At the Giza Plateau, where mystery settles into stone and sand, Turkish artist Mert Ege Köse has inserted something that shouldn’t exist—yet somehow entirely belongs. The Shen, a monumental aluminum ring now gleaming across the desert, speaks directly to the Pyramids across 4,500 years of silence. It doesn’t compete with them. It frames them. It listens to them. In doing so, it reveals something profound about how contemporary art can honor the past without being imprisoned by it.
The title carries ancient weight. In pharaonic Egypt, the Shen symbol was a looped rope representing eternity and protection—a circle without beginning or end that appeared in royal cartouches and sacred texts. Köse has lifted that symbol directly from hieroglyphic language and reimagined it as a giant camera lens. Spanning six meters wide and five meters high, the aluminum ring invites viewers inside to frame the Pyramids, curated and intentional. Stand within it and the Pyramids fall into view perfectly. Step aside and the light shifts across its mirrored surface, pulling the desert and sky into constant reflection. The sculpture refuses stillness; it changes with every footstep, every hour, every season.

This sensitivity to light and perception defines Köse’s broader practice. He works with malleable aluminum—material that feels distinctly contemporary yet carries an endurance that rivals the artifacts housed in Cairo’s museums. His approach isn’t about imposing meaning onto history.
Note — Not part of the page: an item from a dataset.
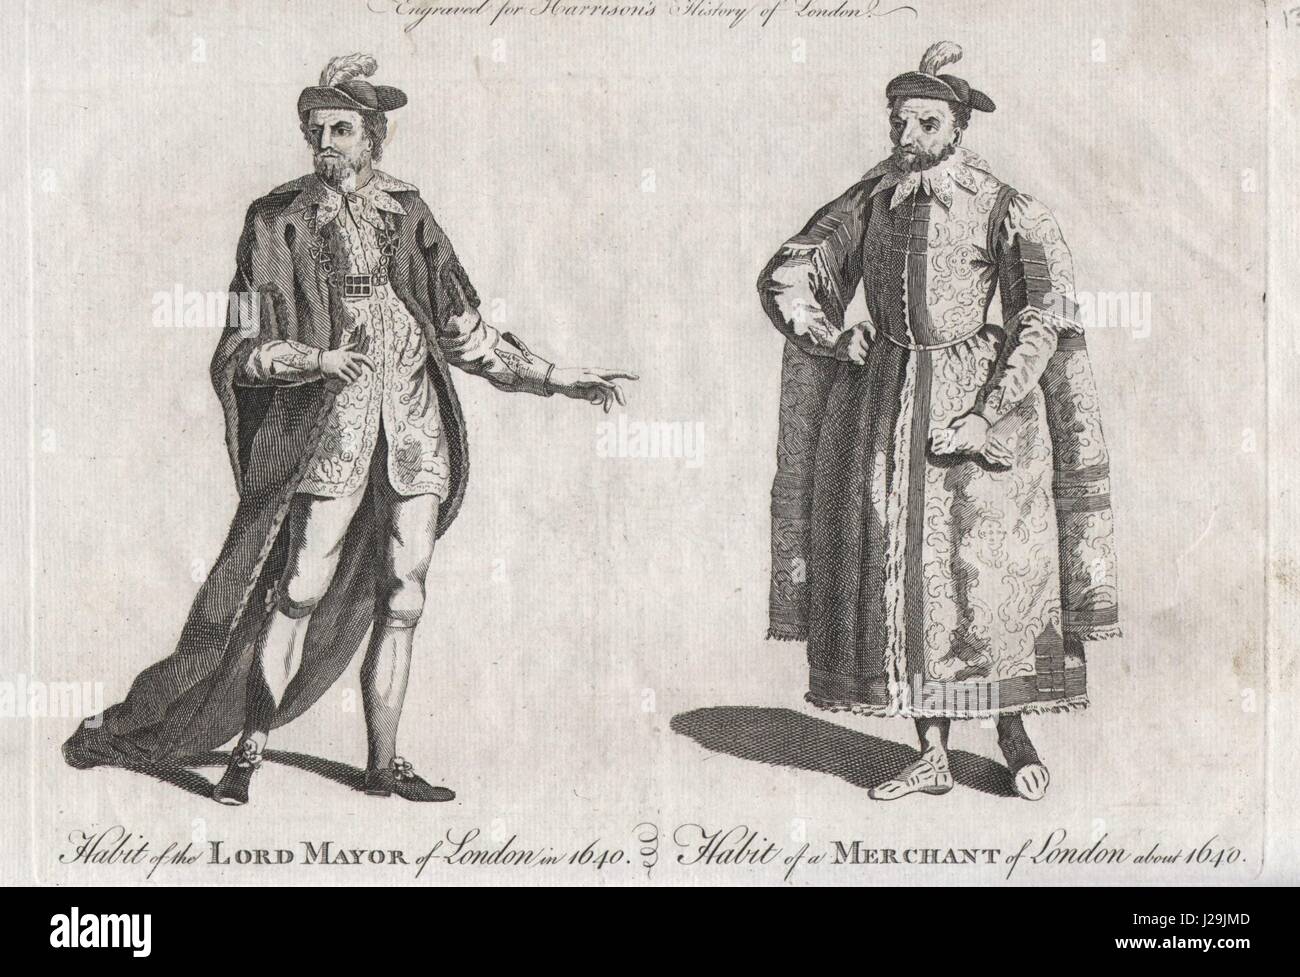 LONDON GENTLEMENS' COSTUMES 1640. Lord Mayor & Merchant habits. HARRISON 1776 Stock Photo

It’s about creating presence, a space where historical symbols can breathe again without reduction to cliché.
Since 2021, Art D’Égypte’s Forever Is Now has transformed the Giza Plateau into an open-air stage where artists from around the world create in direct conversation with a place that has shaped human imagination for millennia. The goal isn’t spectacle. It’s a careful choreography: showing that new artistic languages can coexist with ancient ones, that innovation and reverence need not be opposites. Köse embodies this balance. A simple, bold form highlights rather than distracts from the Pyramids—a gesture of humility before monumentality.


The Shen’s power lies partly in its clarity. No complexity obscures it. A viewer grasps the idea instantly and forms personal connection. It photographs beautifully—a physical and digital portal drawing people whether they stand in the desert or scroll through a camera roll thousands of miles away. For Köse, already an emerging significant voice in Turkish contemporary art, this installation marks a defining moment. To create work in authentic dialogue with the Pyramids, not in their shadow but beside them, is a rare feat. The Shen feels both futuristic and deeply rooted—a circle that bridges not just distance, but time itself.
Art D’Égypte’s Forever Is Now 05 is on display at Giza from November 11 to December 6, 2025.